» **What to work on**
Below are records with pictures. Reproduce exactly the lines from the line with "PB-21マザーズバッグ マザーズリュック 多機能 軽量 大容量03" to the line with "20190529 Birding Nieuwkoopse Plassen", inclusive, and leave each picture out.

» **Data under study**

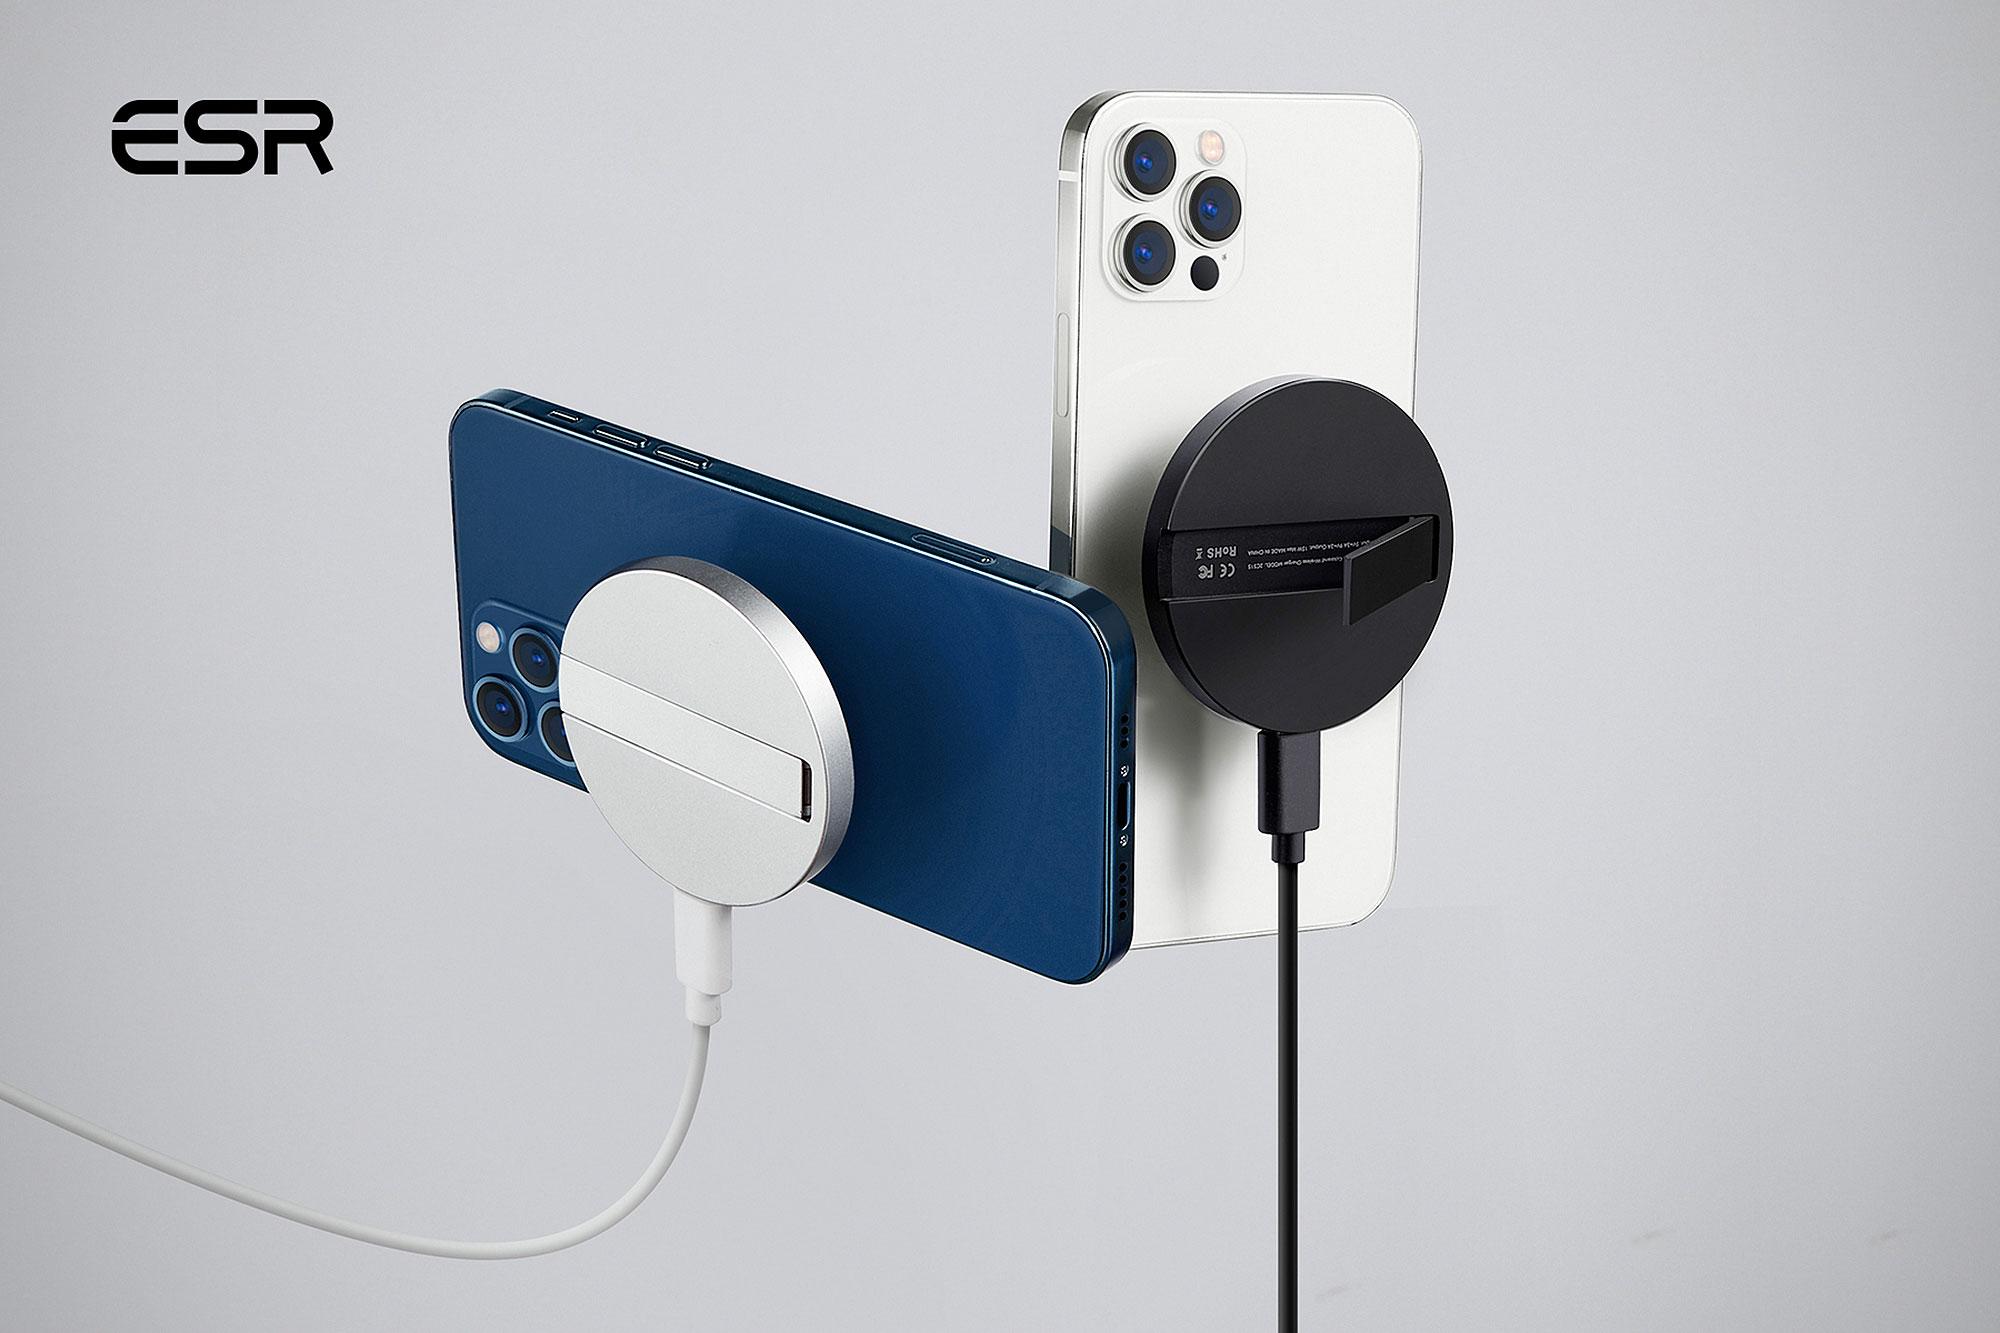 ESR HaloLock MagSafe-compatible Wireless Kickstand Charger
--
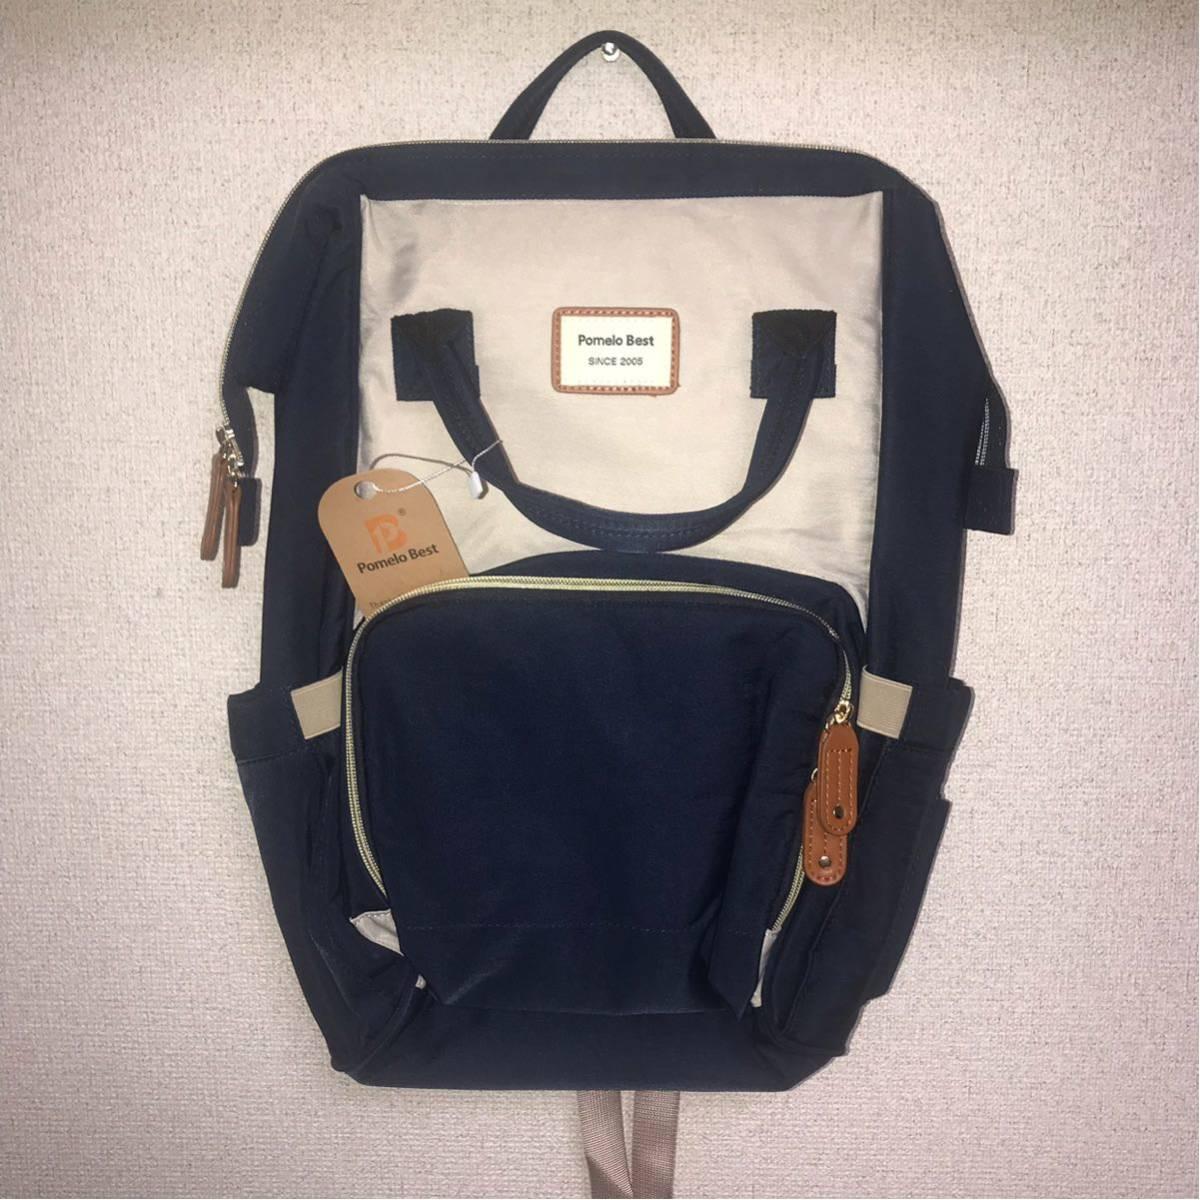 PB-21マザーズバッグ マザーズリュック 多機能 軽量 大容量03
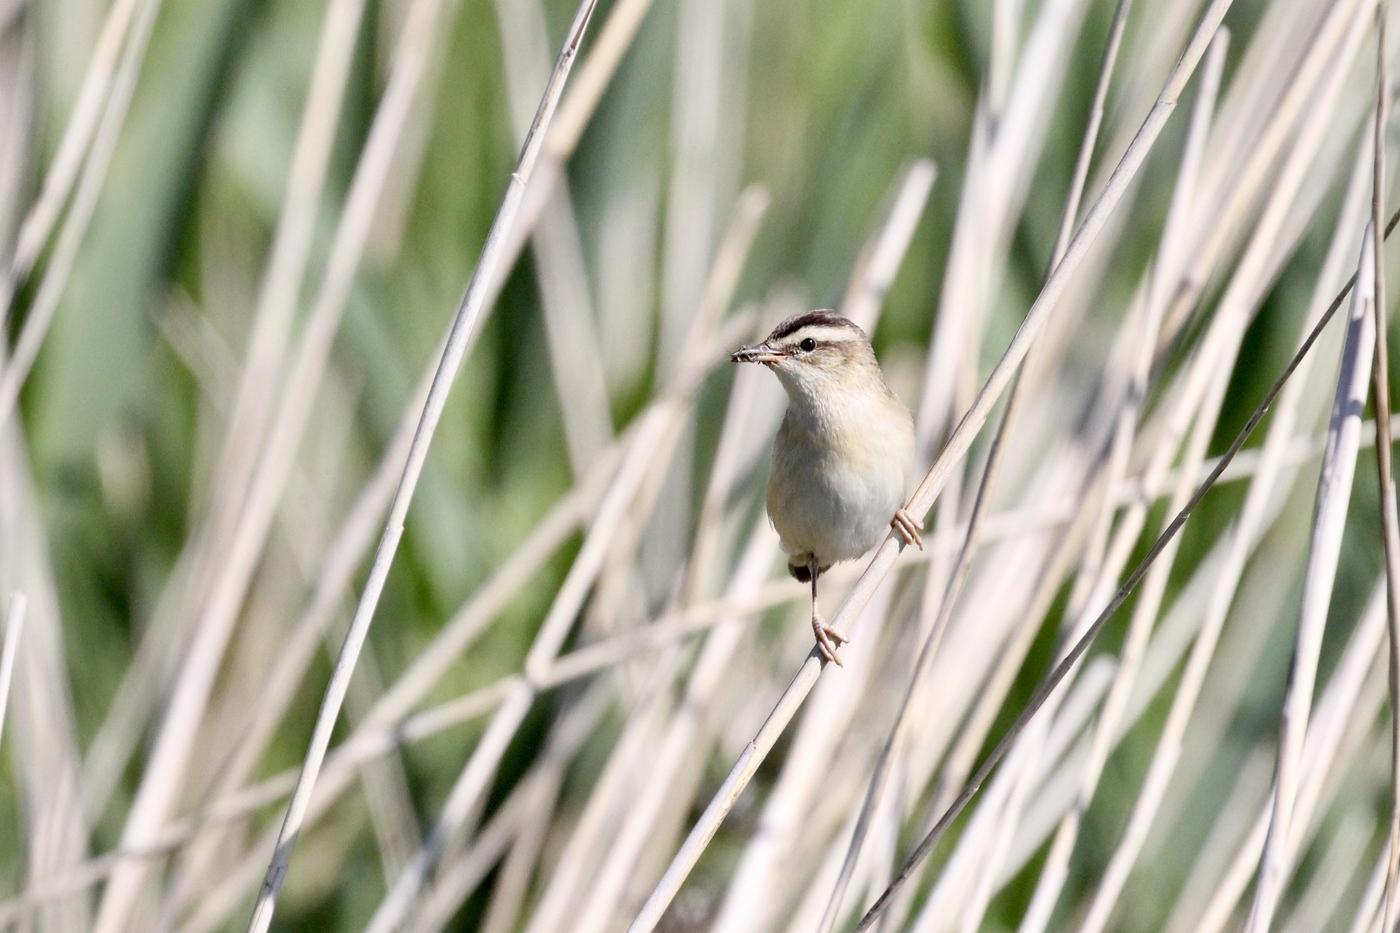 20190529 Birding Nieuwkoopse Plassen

» **Response area**
 PB-21マザーズバッグ マザーズリュック 多機能 軽量 大容量03
 20190529 Birding Nieuwkoopse Plassen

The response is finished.